Armory opposition mounts

The battle for development at the Kingsbridge Armory has taken on biblical proportions. At City Hall, members of the Kingsbridge Armory Redevelopment Alliance and Borough President Ruben Diaz Jr. testified. On the corner of Kingsbridge Road and Reservoir Avenue, northwest Bronx pastors, rabbis and imams led a crowd in prayer.

Diaz Jr. and KARA want The Related Companies to sign a binding community benefits agreement and agree to a living wage guarantee for retail workers at the armory. The City Planning Commission will next issue a recommendation on Related’s plan to build a $310 million shopping mall at the enormous landmark.

The City Council and Mayor Michael Bloomberg will also weigh in. Diaz Jr. issued a “no” recommendation when Related failed to sign a benefits agreement. Related is set to benefit from tens of thousands of dollars in tax breaks. The city spent $30 million to fix the armory roof in 1998 and has offered it to Related for a scant $5 million.

At the Department of City Planning hearing, KARA member and New Day United Methodist Church pastor Doug Cunningham asked DCP Commissioner Amanda Burden to consider what Related’s shopping mall, sans-benefits agreement, would do to the Kingsbridge Heights community: add low-wage / part-time / non-union jobs, shutter some existing businesses and usher in gentrification.

Diaz Jr. also testified. The borough president mentioned the as-yet unsigned benefits agreement: a living wage guarantee for retail workers at the armory, first-source neighborhood hiring, union neutrality, community space, a recreation center, a green public plaza, etc. Related has yet to perform a satisfactory business impact study, he said.

Nearly 20 members of the clergy and 400 congregants participated in the prayer event, held on Wednesday, September 9 to highlight the need for a living wage guarantee at the armory and ask God for help. Related has repeatedly described living wage as a “deal-breaker.”

“We’ve been to the hearings,” Cunningham said. “Tonight we bring it to a higher authority.”

Veronica Grumbs of Calvary United Methodist Church, an unemployed Caribbean immigrant, and Jose Luis of St.

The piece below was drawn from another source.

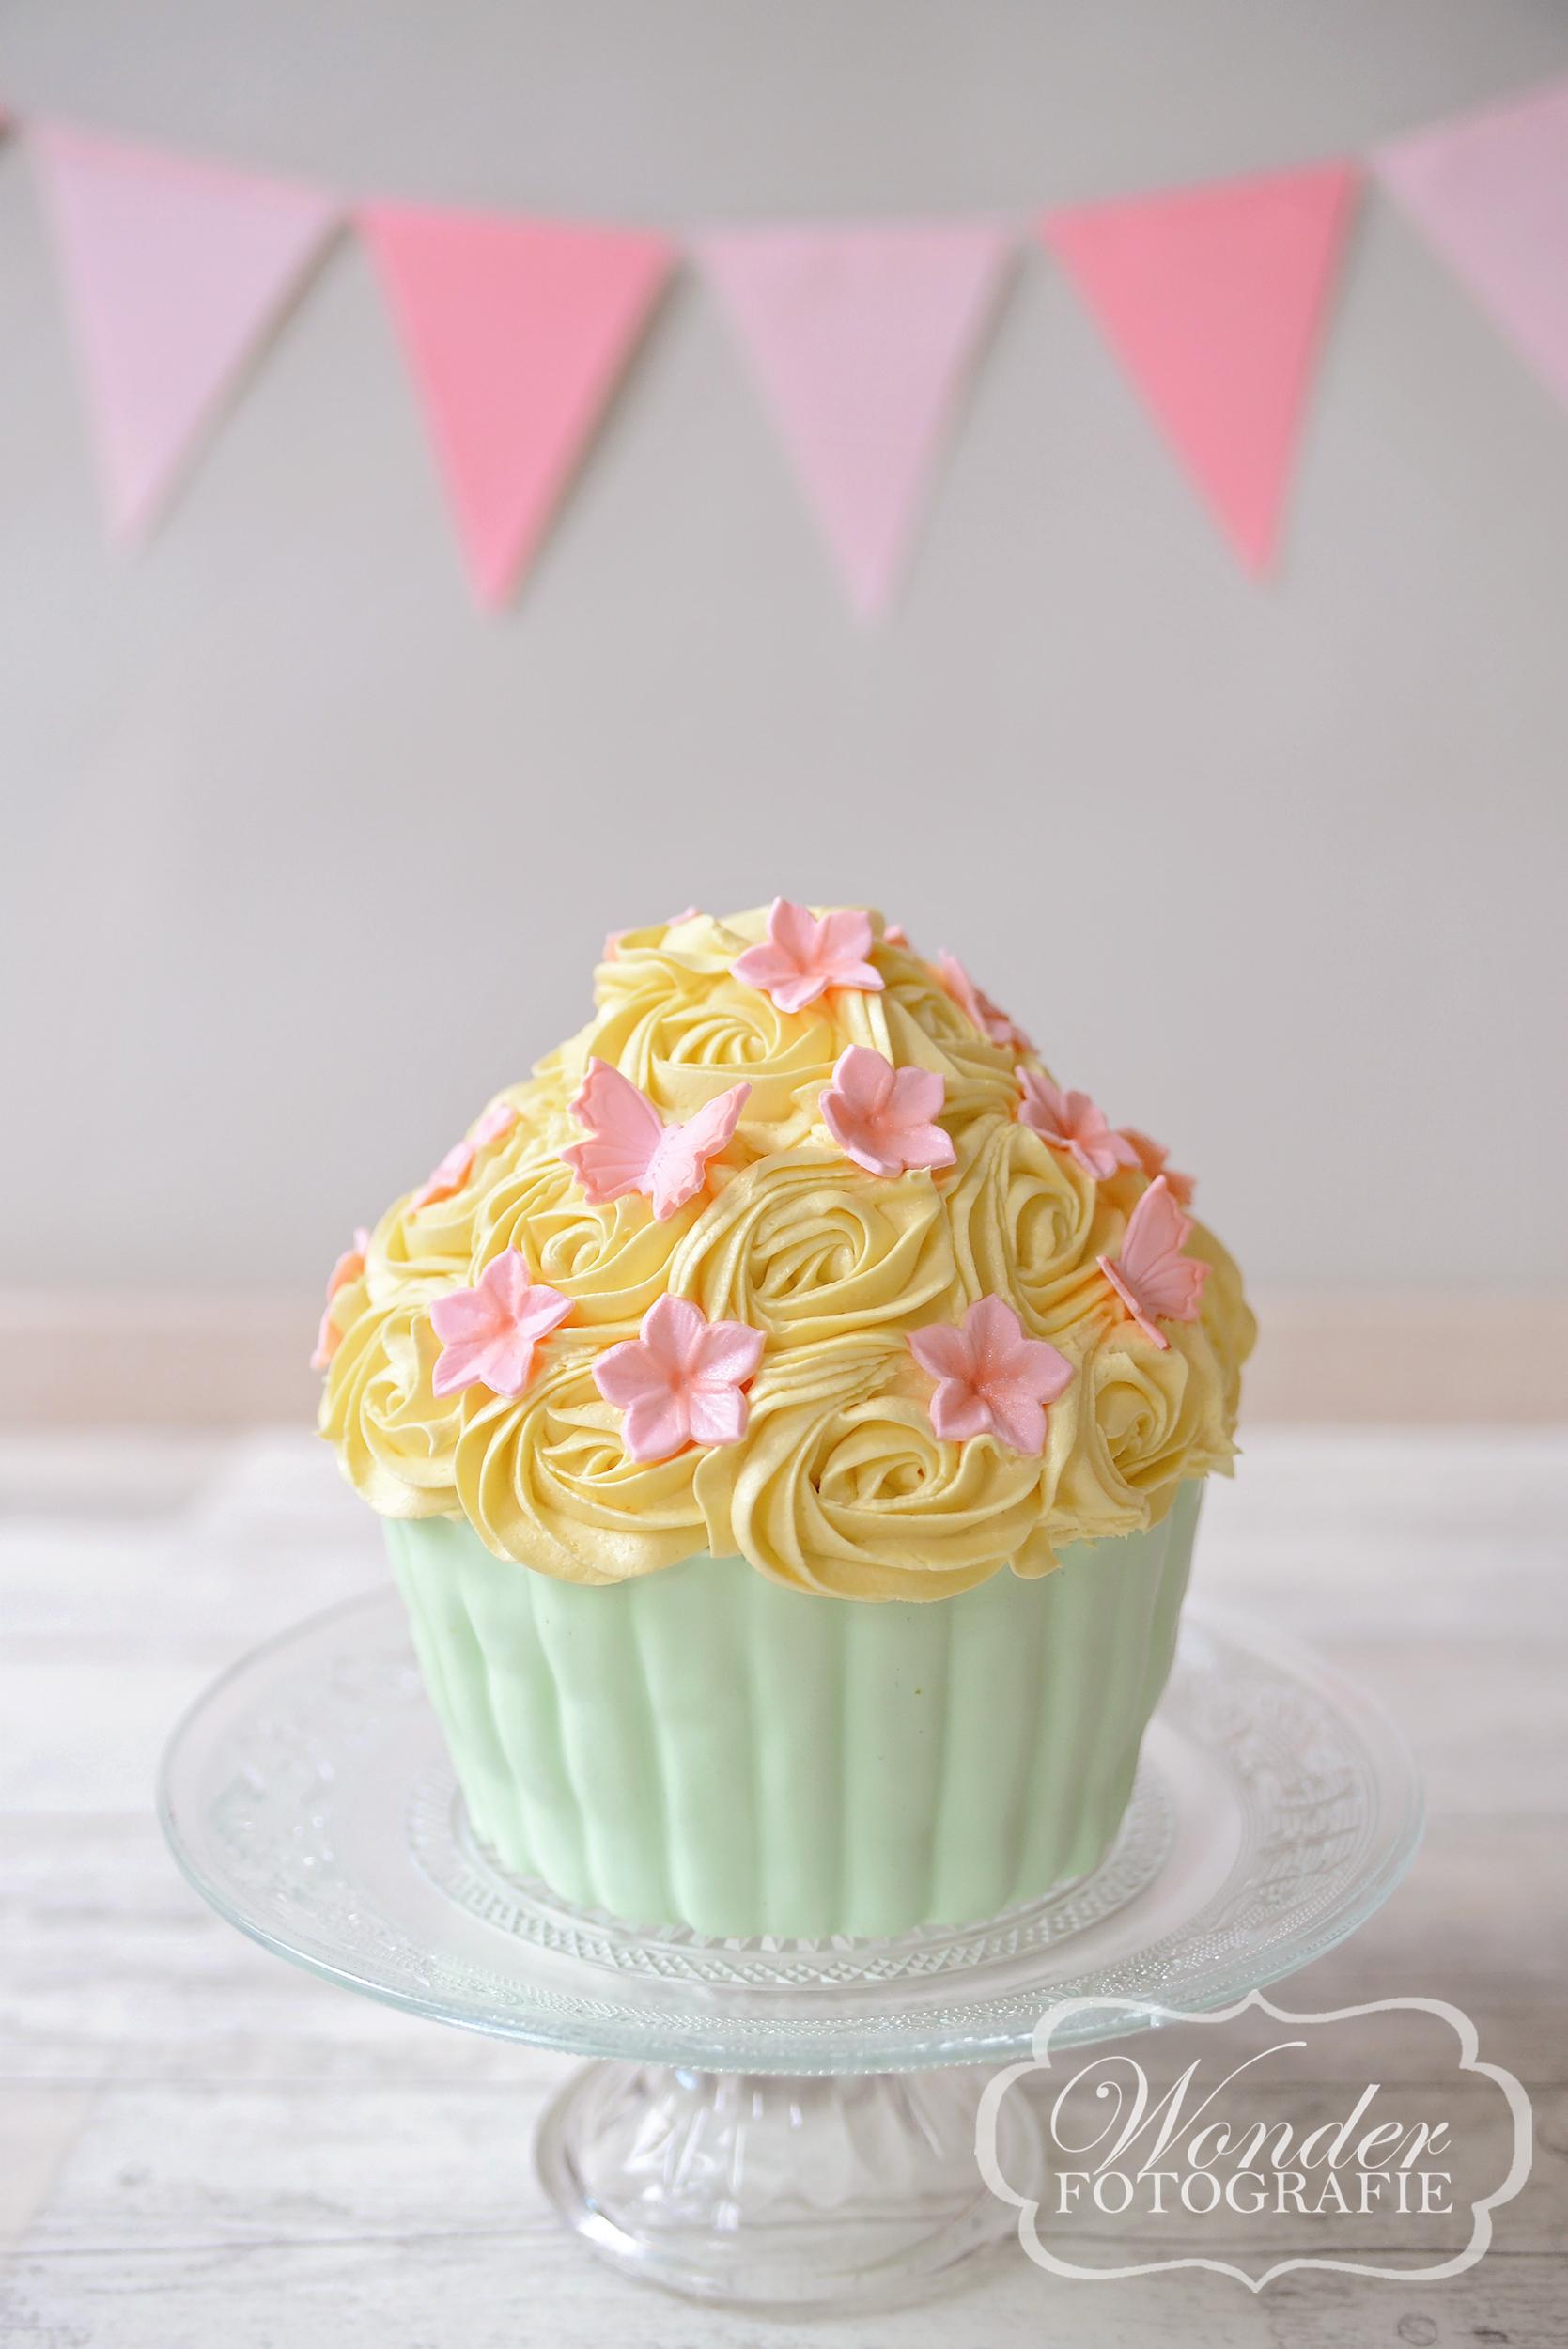 Cake Smash GroenGeelRoze - Wonder Fotografie

Nicholas of Tolentine Church, a Stella D’oro cookie factory worker, stressed the need for good jobs in the northwest Bronx.

Father Tom Lynch of Our Lady of Angels Church led a prayer for the armory. The Creston Avenue Baptist Church choir had the crowd shout “hallelujah!”

“I asked for God’s blessing,” Lynch said. “People started to dance in the street. I couldn’t have told you who was a Catholic and who was a Protestant.”

Cunningham found the prayer event powerful and fulfilling.

“It was fantastic,” he said.

Rabbi Ari Weiss of Uri L’Tzedek Synagogue shared a prayer and had crowd members blow the shofar, or ram’s horn.